Часть вторая ГРОМ ПОБЕДЫ

Глава 1 БАТОВО

На этот раз татарская лавина катилась через степь без задержек и трудностей. Конница шла почти двадцативерстными переходами, раскинувшись в ширину не меньше, чем на десять верст, останавливаясь на привалы возле колодцев и ручьев, давая лошадям отдохнуть и попастись в густой траве, дожидаясь обозов, после чего совершала новый стремительный бросок. Весть о богатой добыче, привезенной Девлет-Гиреем из московитских пределов и баснословные деньги, что платились в разоренном Крыму за свежих невольников, побудили присоединиться к гиреевским ногайцам воинов из Ширинового, Сулешевого и Сетжеутового родов, не считая мелких степных племен, так что для нового набега собралось почти сорок тысяч воинов.

К середине августа татары вышли к Северскому Донцу – здесь, перед Изюмским бродом, они собрались в единый кулак и дальше двинулись все вместе, вверх вдоль Оскола, позволяющего в любое время напоить скот и людей.

Сразу за Донцом передовой дозор столкнулся с русской сторожей – но схватки не получилось. Разъезд, едва поняв, что имеет дело с татарами, причем немалым войском – облако пыли у горизонта ясно давало понять, насколько многочисленная надвигающаяся орда – развернулся, и помчался назад, рассыпаясь на отдельных всадников, которые и неслись через деревни с устрашающим всех воплем:

– Татары!!!

Мужики и бабы тут же принимались испуганно мотаться по дворам, запрягая в повозки лошадей, кидая на телеги самое ценное имущество, выводили скотину, перевязывали лапы птице, отпускали собак. Что-то прятали, закапывали, относили в ближайшие перелески и ерики, после чего бросали опустевшие дома и все вместе, от глубоких стариков до малого ребенка, трогались в сторону ближайшей крепкой усадьбы или тайного лесного схрона.

Обширная крепость Варлама Батова наполнялась с успокаивающей быстротой.

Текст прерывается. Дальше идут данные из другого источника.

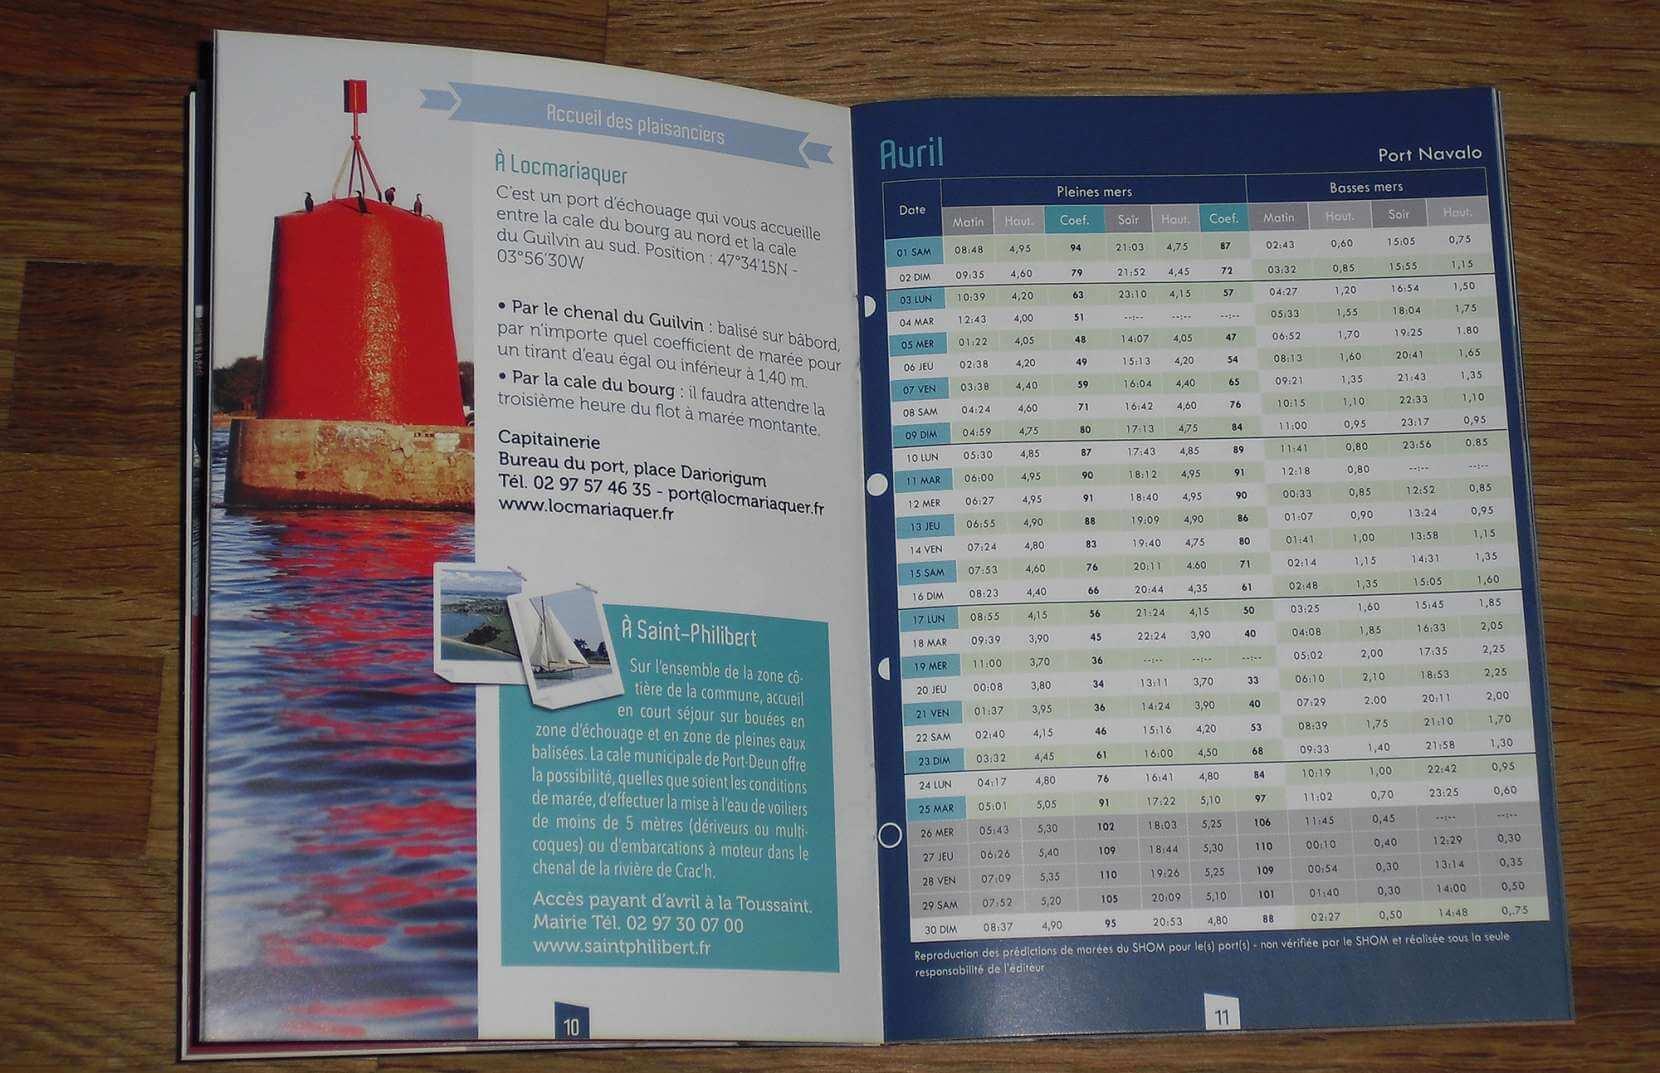 OT-loc-brochure4-1660x1073.jpg

К боярину в крепость стекались его крепостные не только со всего обширного поместья, но и из земель брата Анастаса, а так же прибежали бортники из Костиных владений – им через лес сюда получалось быстрее, чем к Григорию Батову.

На земляных стенах высотой в три человеческих роста, огороженных частоколом и прикрытых навесом от стрел и дождя уже бродили оружные смерды с рогатинами и топорами. Холопы томились бездельем возле пищалей – Юля учила огненному делу каждого, продавшегося мужу в полное рабство.

– Рано они в этом году, – удивился Варлам, выглядывая в окно на копошащийся двор. – Все лето казалось, что усадьба большая больно, а ныне смотрю, вроде как тесная...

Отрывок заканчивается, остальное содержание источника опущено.